Но Екимыч даже сердится:
— Мало ли чего где нет, а если Пургин сказал, то, значит, будет.
И конюх пытается припомнить, когда бы председатель ему или другим колхозникам чего посулил, да не выполнил.
— Не помню такого случая! — говорит он твердо и, глядя, как я надраиваю обмакнутой в керосин тряпицей потемневшее колечко, добавляет: — Пургин старательный на всё и крепко любит, чтобы люди старались тоже. Помнишь, как он Ваню Звонарева в посевную на пашне гонял? Помнишь? Ваня-то, бедолага, умаялся, под трактор свой какую-то гайку подвертывать залез, да там и уснул, чудак!
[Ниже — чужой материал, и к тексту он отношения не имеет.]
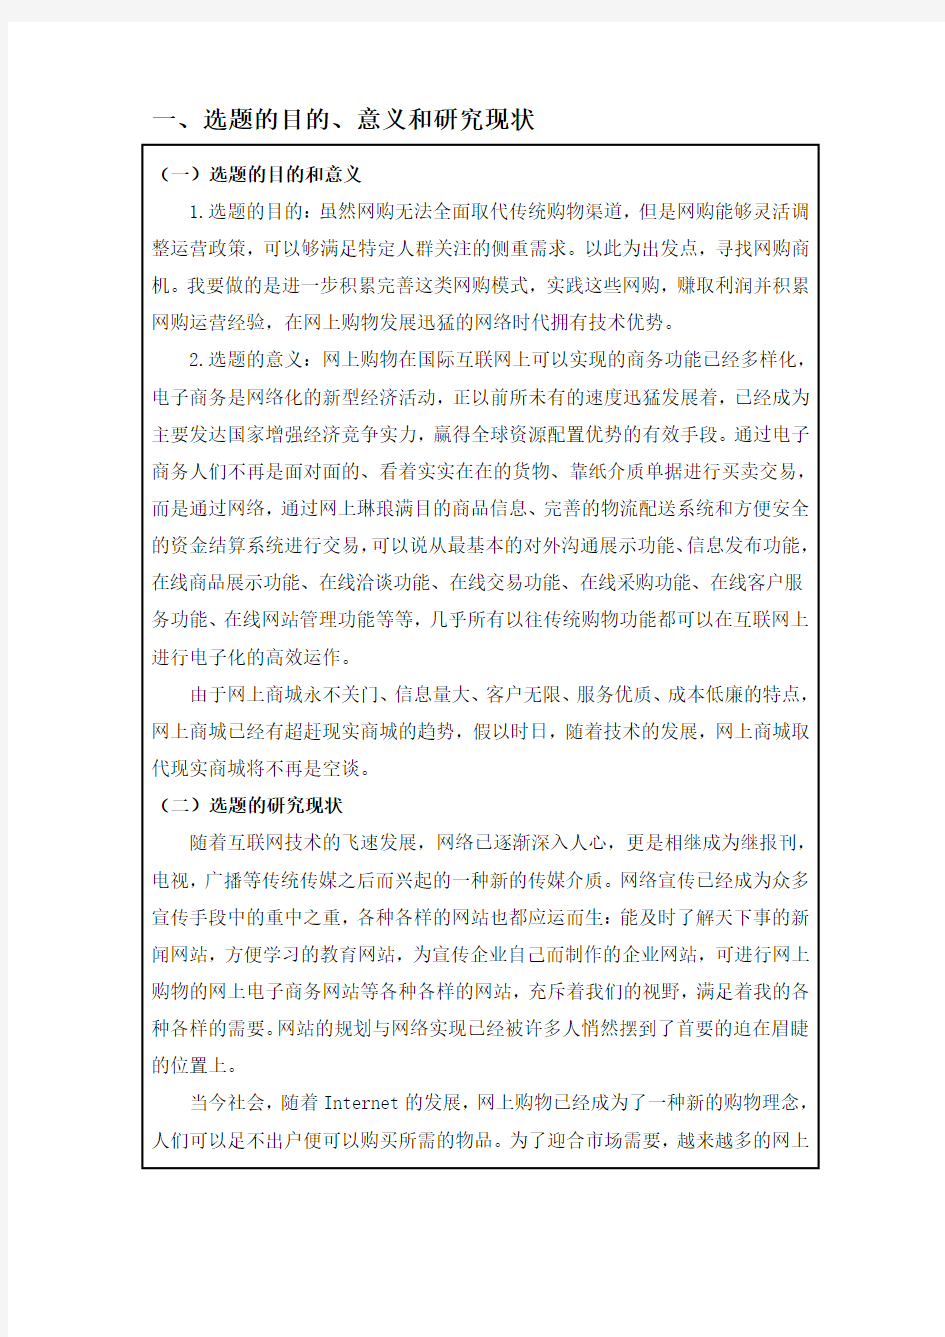 辽宁工程技术大学软件工程开题报告

— Помню, — улыбаюсь я, хотя сам при том известном на всю деревню случае не был. А видел я лишь только, с каким конфузным лицом приехал тогда Ваня с пашни и как потом опасливо, издали обходил нашу избу.
Дней пять тогда Ваня не появлялся у моей тетушки Асти под окошком, и напиться не просил, и комплиментов не произносил. Видно, боялся, что про нагоняй, который ему устроил председатель, тетушка Астя, конечно, тоже знает и его, Ваню, обязательно высмеет.
— Помню, — улыбаюсь я и лукаво спрашиваю Екимыча: — А тебе от председателя никогдашеньки не доставалось?
— Мне не за что! — смеется конюх и, не выпуская из рук шила, кивком головы, веселыми глазами показывает на стенку над собой: — Мне он вон что из райцентра привез… Говорит, за труд, за старание — в премию. А если подумать, так подарок этот еще и со значением наперед. Слушай, мол, Екимыч, как тикают часики-колесики, не забывай, что время бежит, спать не только Ване Звонареву, а и тебе лишку не велит.
На стене среди развешенных по деревянным спицам уздечек и хомутов на самом деле торопливо постукивали новенькие ходики. Тяжелая, на тонкой цепочке гиря их напоминала еловую шишку, а на узком циферблате была такая славная картинка, будто художник срисовывать ее приезжал прямо в нашу деревню.
Над жестяными стрелками на жестяном синем небе клубились белые облака. Под облаками желтело хлебное поле. По нему катился со жнейкой точно такой же, как у Вани, трактор. А рядом женщины в красных платках вязали желтые снопы и ставили их в ровные шалашики-суслоны.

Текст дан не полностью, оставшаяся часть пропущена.